Whatever Maassen’s true political leanings, the issue has quickly turned him into a martyr of Merkel haters and the far-right.

The AfD’s Alice Weidel wrote on Facebook that “anyone who criticises Merkel’s illegal immigration policy is mercilessly put through the wringer by the mainstream parties”.

Deep chasms
Maassen has rejected accusations that he has supported AfD lawmakers with early access to unpublished data and advice on how to avoid surveillance by his Federal Office for the Protection of the Constitution (BfV).

Social Democrat leader Andrea Nahles has insisted Maassen must go and SPD youth wing leader Kevin Kuehnert, 29, mockingly tweeted that he should either explain his conspiracy theory or “throw in his tin foil hat”.

However, Maassen has received the backing of his immediate boss, the CSU’s hardline Interior Minister Horst Seehofer, who has for three years been Merkel’s nemesis within the ruling grand coalition.

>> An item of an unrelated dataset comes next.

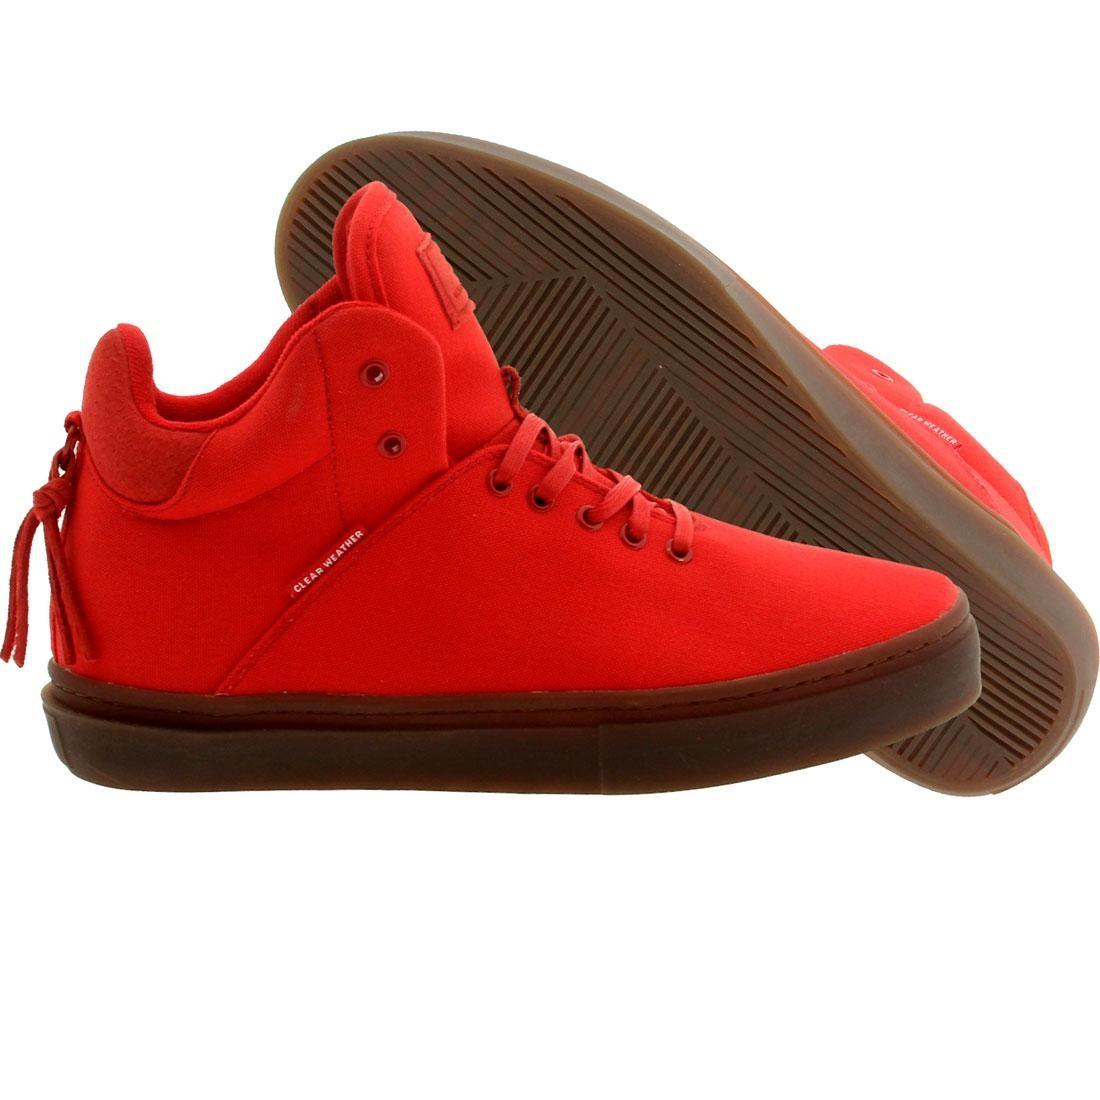 【海外限定】ミッド スニーカー メンズ靴 【 CLEAR WEATHER MEN THE ONETEN MID TOP RED 】

Seehofer, a harsh critic of Merkel’s 2015 decision to allow a mass influx of migrants and refugees, had in July brought the government to the brink of collapse with his threat to shutter national borders to asylum seekers.

With that bitter dispute barely papered over, the conflict over Maassen’s fate once more highlights the deep chasms within Merkel’s coalition.

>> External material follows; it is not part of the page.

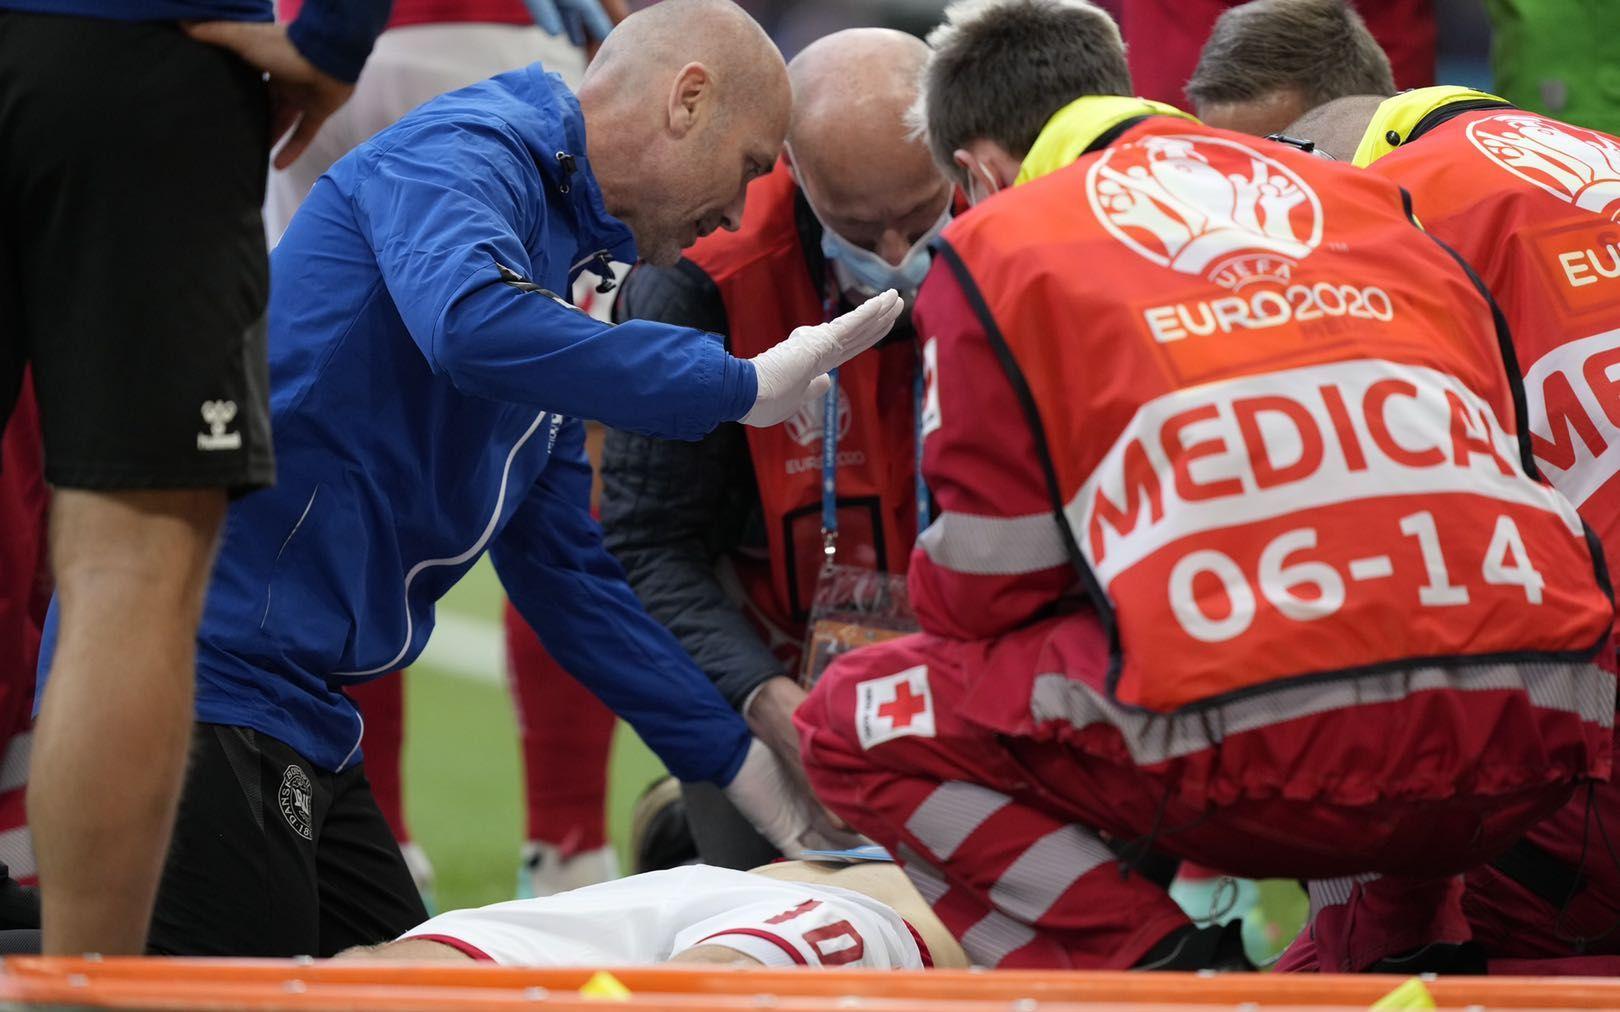 丹麦球星埃里克森在比赛中突然昏迷倒地。图/IC PHOTO

On one level, both major parties, the CDU and SPD, are distrustful partners stuck in a political marriage of convenience after the AfD, a one-time fringe party, poached millions of their voters in last year’s elections.

But the rift is deepest between Merkel and Seehofer, whose own political future hangs in the balance as his CSU braces for potentially massive losses to the AfD in Bavarian state elections next month.

‘Mother of all problems’
Last week Seehofer labelled the migration issue “the mother of all problems” in German politics — a comment read by many as a veiled reference to Merkel’s nickname “Mutti”, or Mummy.

Die Welt daily reported Monday that Merkel had now decided to let Maassen go, quoting unnamed coalition sources.

According to the newspaper, this could have wider political ramifications: Maassen had reportedly told a closed-door meeting of conservative lawmakers that “Horst Seehofer told me that if I fall, he falls too”.

Merkel and Seehofer have not commented publicly, other than to insist that the coalition will not break up over the issue.

Amid the controversy, business daily Handelsblatt commented that the renewed political “arguing, brawling and fighting” raised the question of “how long will this government, which has only been in office for half a year, last?”